Powyższe nie działa, ponieważ w zestawie danych są teraz tylko mężczyźni, dlatego nie możemy włączyć do modelu zmiennej x3, zmiennej płci. ALE...

lm( y ~ . -x3, dt[x3 == 'men']) # Exclude x3, limit to men: STILL doesn't work
lm( y ~ x1 + x2, dt[x3 == 'men']) # Exclude x3, with different notation: works great

Czy to problem z notacją „znak minus” w formule? Proszę o poradę. Uwaga: Oczywiście mogę to zrobić w inny sposób; na przykład, mógłbym wykluczyć zmienne przed umieszczeniem ich w lm (). Ale prowadzę zajęcia na ten temat i nie chcę mylić uczniów, którzy już powiedzieli, że mogą wykluczyć zmienną za pomocą znaku minus w formule.


3
Interesujące jest to, że zarówno model.matrix(y ~ . - x3, data = dt[x3 == "men"])i model.matrix(y ~ x1 + x2, data = dt[x3 == "men"])praca ( lmpołączenia model.matrixwewnętrzne). Jedyną różnicą między obiema matrycami modelu jest "contrasts"atrybut (który wciąż zawiera x3), który zostaje później wykryty w lmprocedurze, prawdopodobnie powodując błąd, który widzisz. Mam więc wrażenie, że problem dotyczy sposobu model.matrixtworzenia i przechowywania matrycy projektu podczas usuwania terminów.
Maurits Evers

Próbowałem „rozwinąć”, .aby uzyskać uproszczoną formułę, terms(y ~ . -x3, data=dt, simplify=TRUE)ale dziwnie nadal zachowuje x3atrybut zmiennych, który się lm
wyłącza

1
@MrFlick - wygląda na to, że neg.out=opcja niezaimplementowana w R może być powiązana. Z plików pomocy S dla terms, gdzie neg.out=jest zaimplementowany: flaga kontrolująca sposób traktowania haseł wprowadzanych znakiem „-”. Jeśli PRAWDA, warunki zostaną sprawdzone pod kątem anulowania i w inny sposób zignorowane. Jeśli FAŁSZ, negatywne warunki zostaną zachowane (w kolejności ujemnej).
thelatemail

1
@MauritsEvers: lmwywołuje model.matrixzmodyfikowaną wersję danych. Na samym początku, lmkomponuje i ocenia następujące wyrażenie: mf <- stats::model.frame( y ~ . -x3, dt[x3=="men"], drop.unused.levels=TRUE ).

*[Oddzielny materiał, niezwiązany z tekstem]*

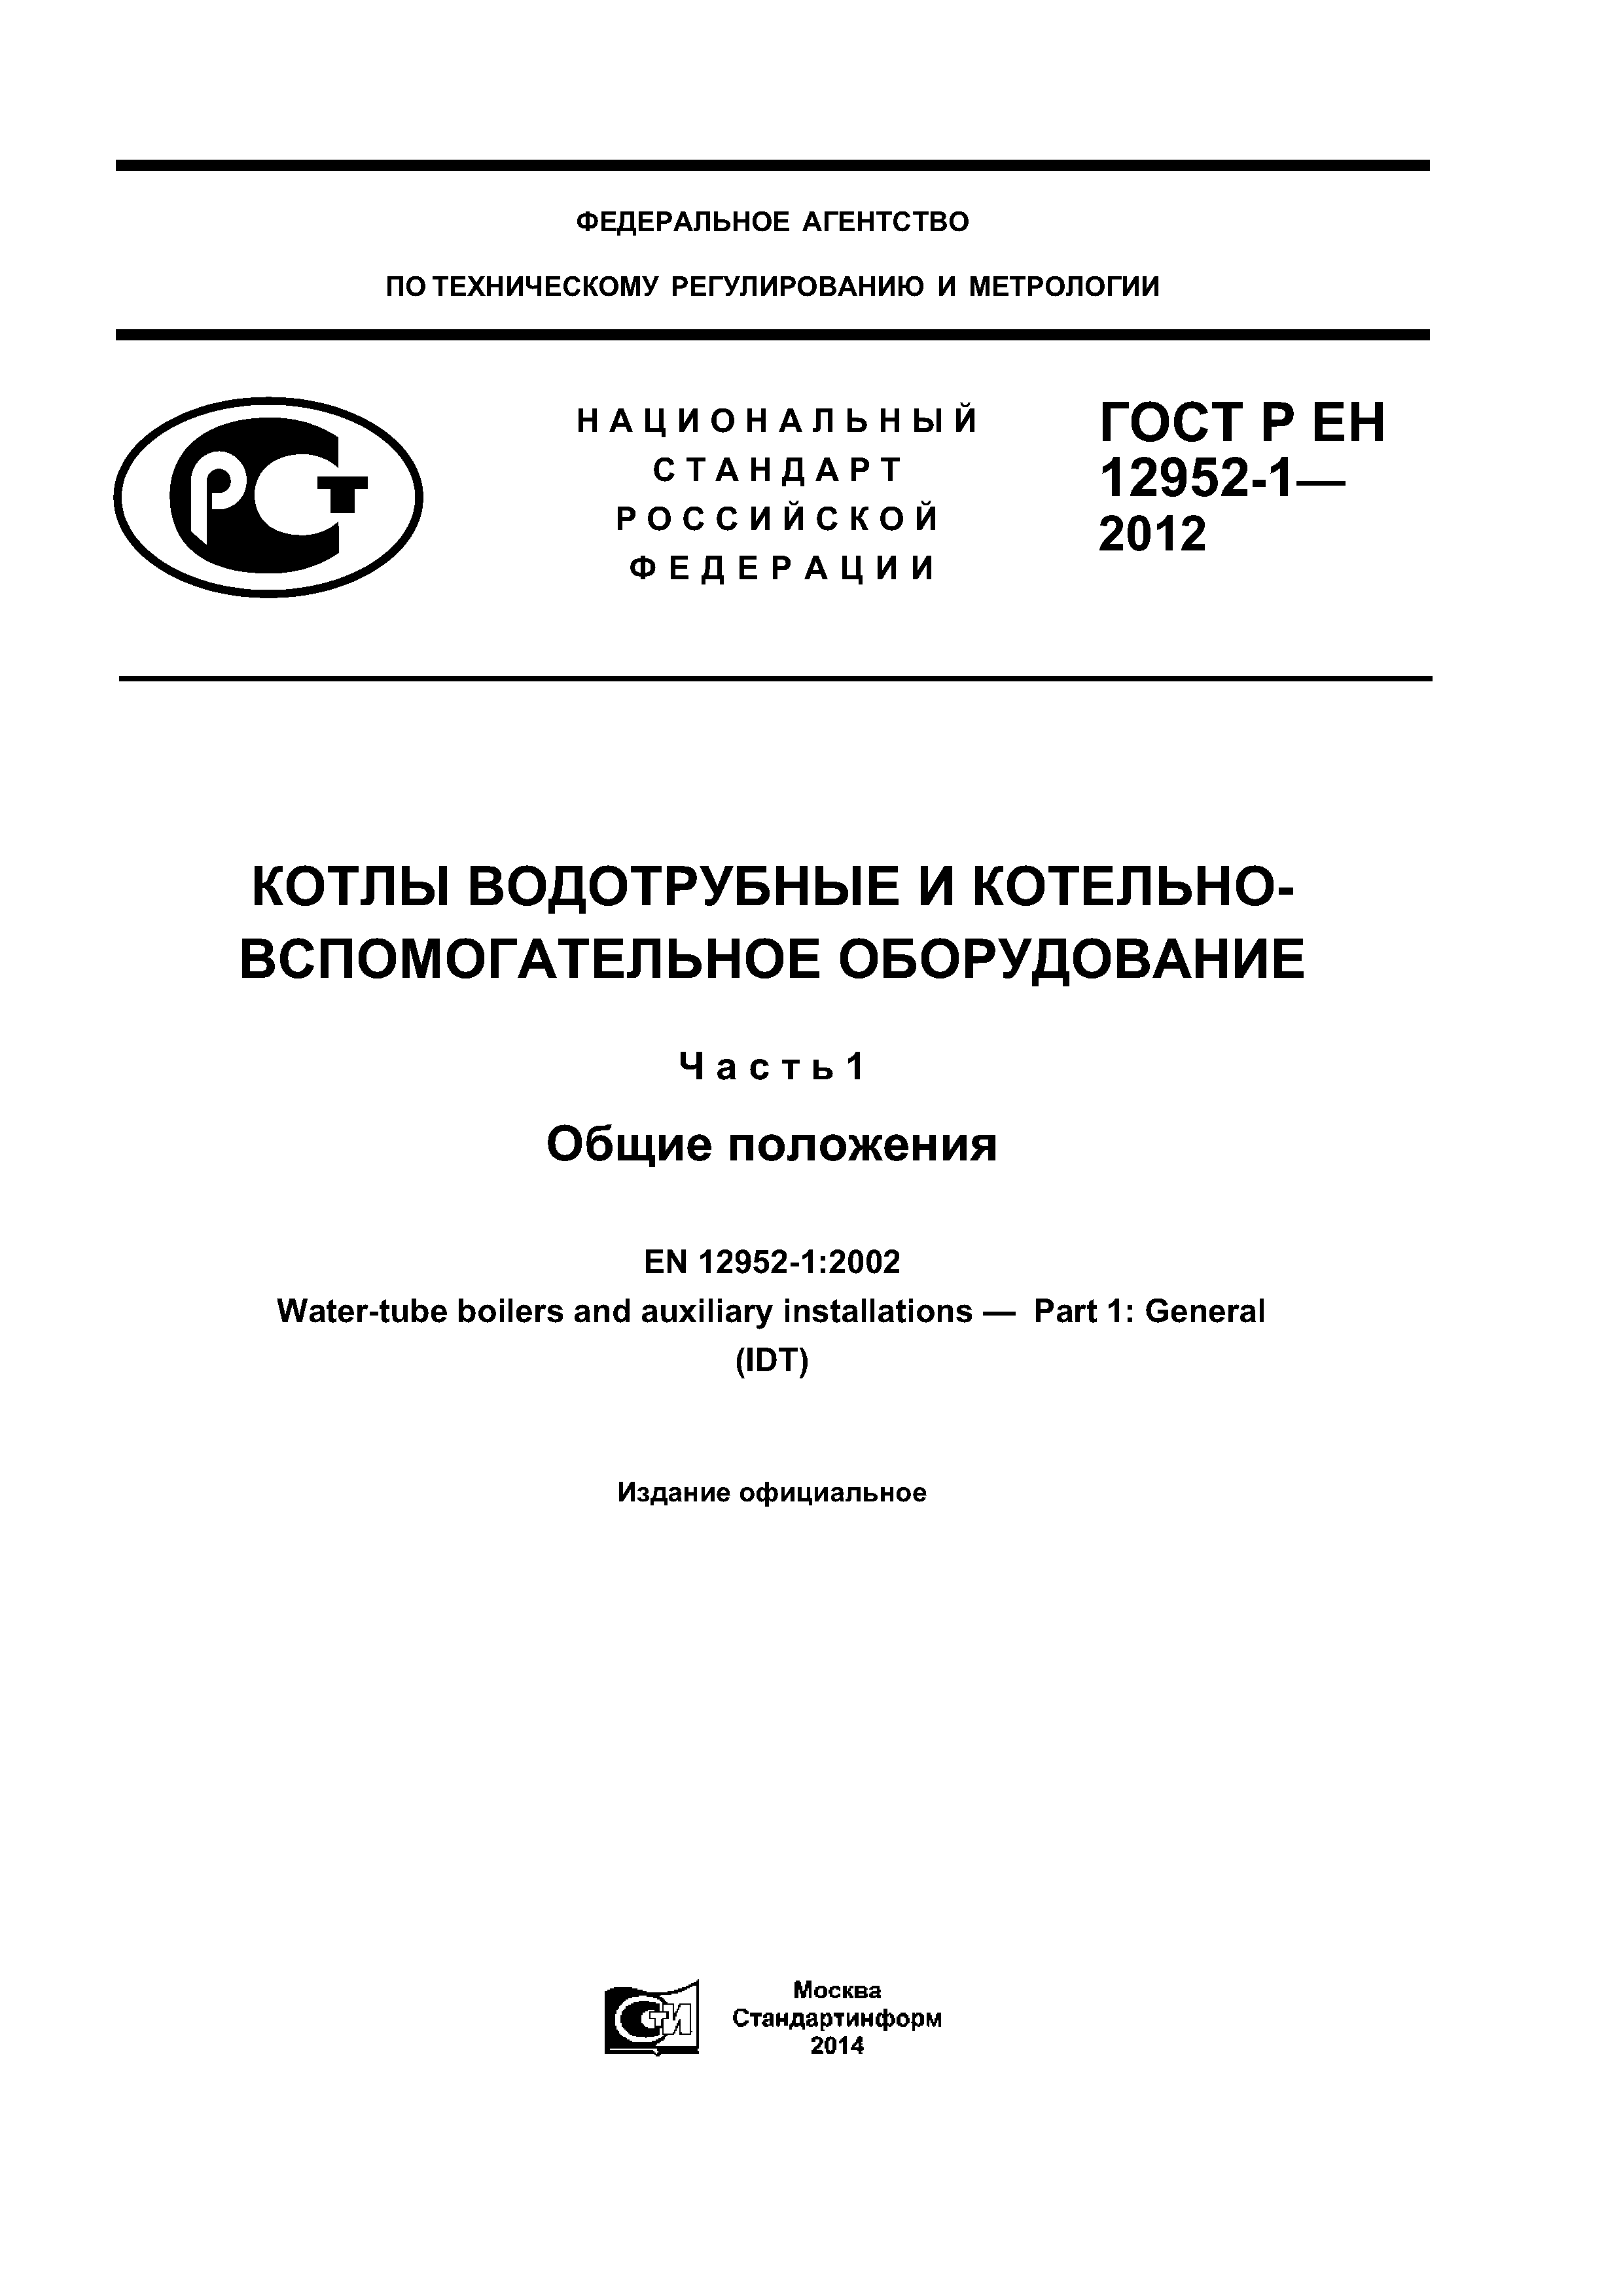 ГОСТ Р ЕН 12952-1-2012

To powoduje, x3że staje się czynnikiem jednopoziomowym. model.matrix()są następnie wywoływane mf, a nie oryginalne dane, co powoduje błąd, który obserwujemy.
Artem Sokolov

Odpowiedzi:


2

Występuje błąd, ponieważ x3 jest w modelu z tylko jedną wartością = "men"(patrz komentarz poniżej z @Artem Sokolov)

Jednym ze sposobów rozwiązania tego jest podzbiór z wyprzedzeniem:

dt = data.table(y = rnorm(100), x1 = rnorm(100), x2 = rnorm(100), x3 = as.factor(c(rep('men',50), rep('women',50)))) # sample data

dmen<-dt[x3 == 'men'] # create a new subsetted dataset with just men

lm( y ~ ., dmen[,-"x3"]) # now drop the x3 column from the dataset (just for the model)

Lub możesz zrobić oba w tym samym kroku:

lm( y ~ ., dt[x3 == 'men',-"x3"])

Ogólnie rzecz biorąc, jest to dobre rozwiązanie. Jedną rzeczą do poprawienia jest to, że -x3w formule nie powoduje lm, że próbujesz odjąć kolumnę. W „nie używaj x3 w modelu” intencją jest przekazywana poprawnie, ale problem jest to, że lmrozmowy model.frame( ..., drop.unused.levels=TRUE )spowodowanie x3, aby stać się czynnikiem single-level, co prowadzi do dalszych problemów model.matrix().
Artem Sokolov

Dziękuję za wyjaśnienie Artem Sokołow, wyciągnąłem to nieprawidłowe wyjaśnienie z mojej odpowiedzi.
Dylan_Gomes
Korzystając z naszej strony potwierdzasz, że przeczytałeś(-aś) i rozumiesz nasze zasady używania plików cookie i zasady ochrony prywatności.
Licensed under cc by-sa 3.0 with attribution required.